Cross-species single-cell transcriptomics reveals neuronal similarities and heterogeneity in amniote pallium.

Abstract

The amniote pallium, a vital component of the forebrain, exhibits considerable evolutionary divergence across species and mediates diverse functions, including sensory processing, memory formation, and learning. However, the relationships among pallial subregions in different species remain poorly characterized, particularly regarding the identification of homologous neurons and their transcriptional signatures. In this study, we utilized single-nucleus RNA sequencing to examine over 130 000 nuclei from the macaque ( Macaca fascicularis) neocortex, complemented by datasets from humans ( Homo sapiens), mice ( Mus musculus), zebra finches ( Taeniopygia guttata), turtles ( Chrysemys picta bellii), and lizards ( Pogona vitticeps), enabling comprehensive cross-species comparison. Results revealed transcriptomic conservation and species-specific distinctions within the amniote pallium. Notable similarities were observed among cell subtypes, particularly within PVALB ⁺ inhibitory neurons, which exhibited species-preferred subtypes.

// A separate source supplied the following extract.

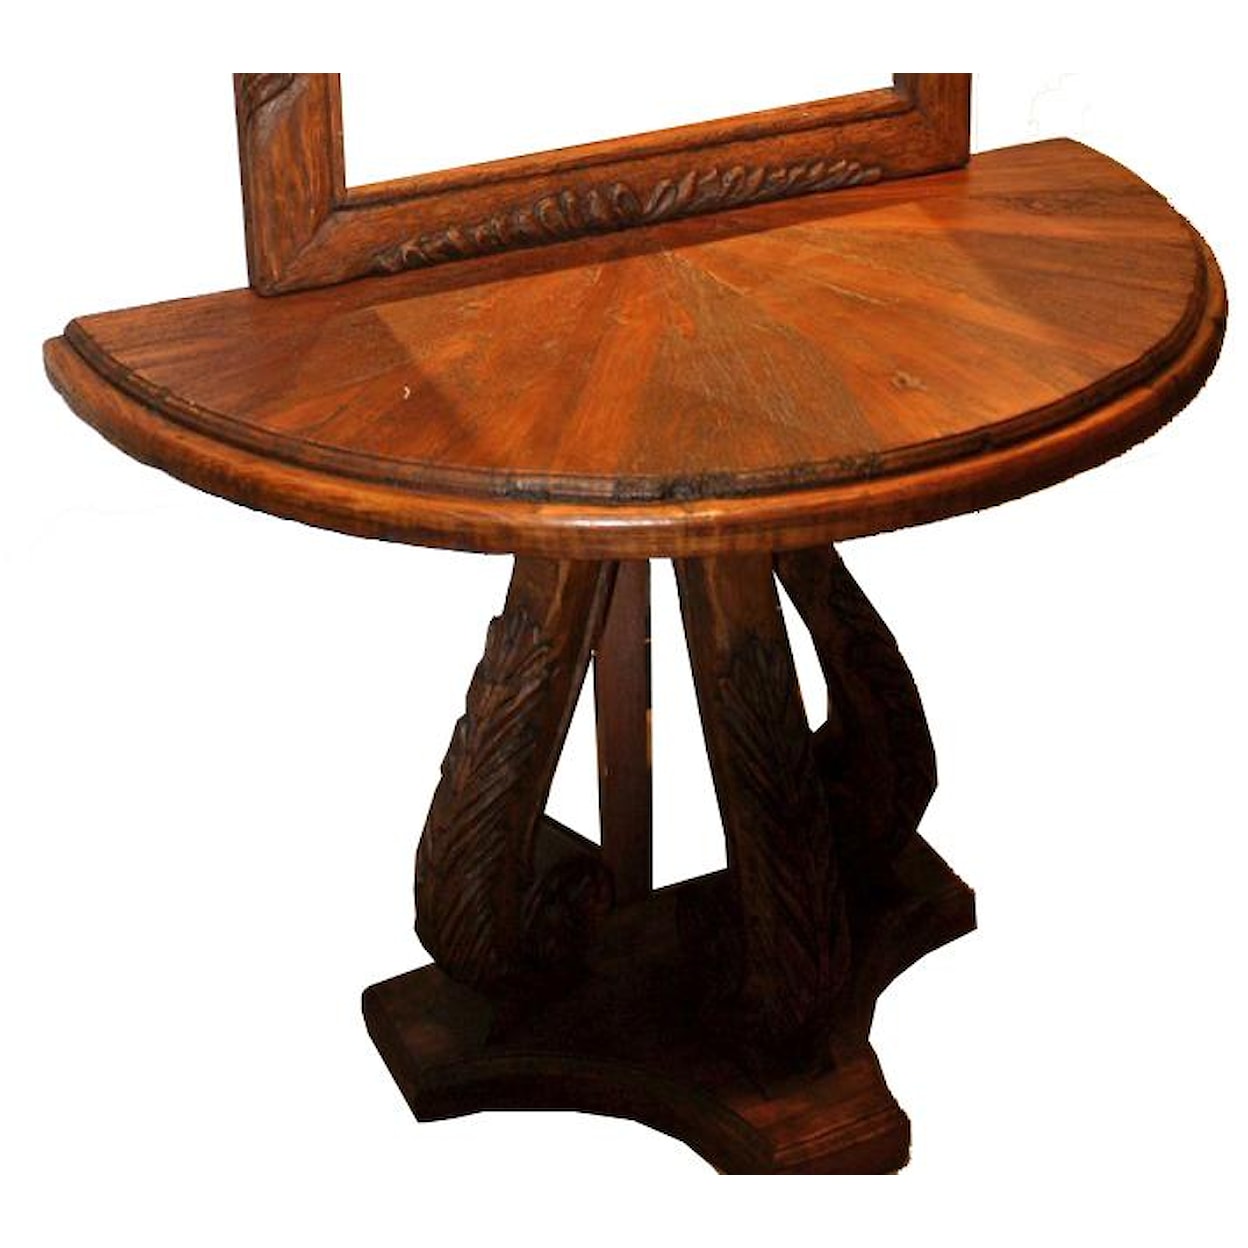 Furniture Source International Occasional Tables Demilune Console

Furthermore, correlations between pallial subregions and several transcription factor candidates were identified, including RARB, DLX2, STAT6, NR3C1, and THRB, with potential regulatory roles in gene expression in mammalian pallial neurons compared to their avian and reptilian counterparts. These results highlight the conserved nature of inhibitory neurons, remarkable regional divergence of excitatory neurons, and species-specific gene expression and regulation in amniote pallial neurons. Collectively, these findings provide valuable insights into the evolutionary dynamics of the amniote pallium.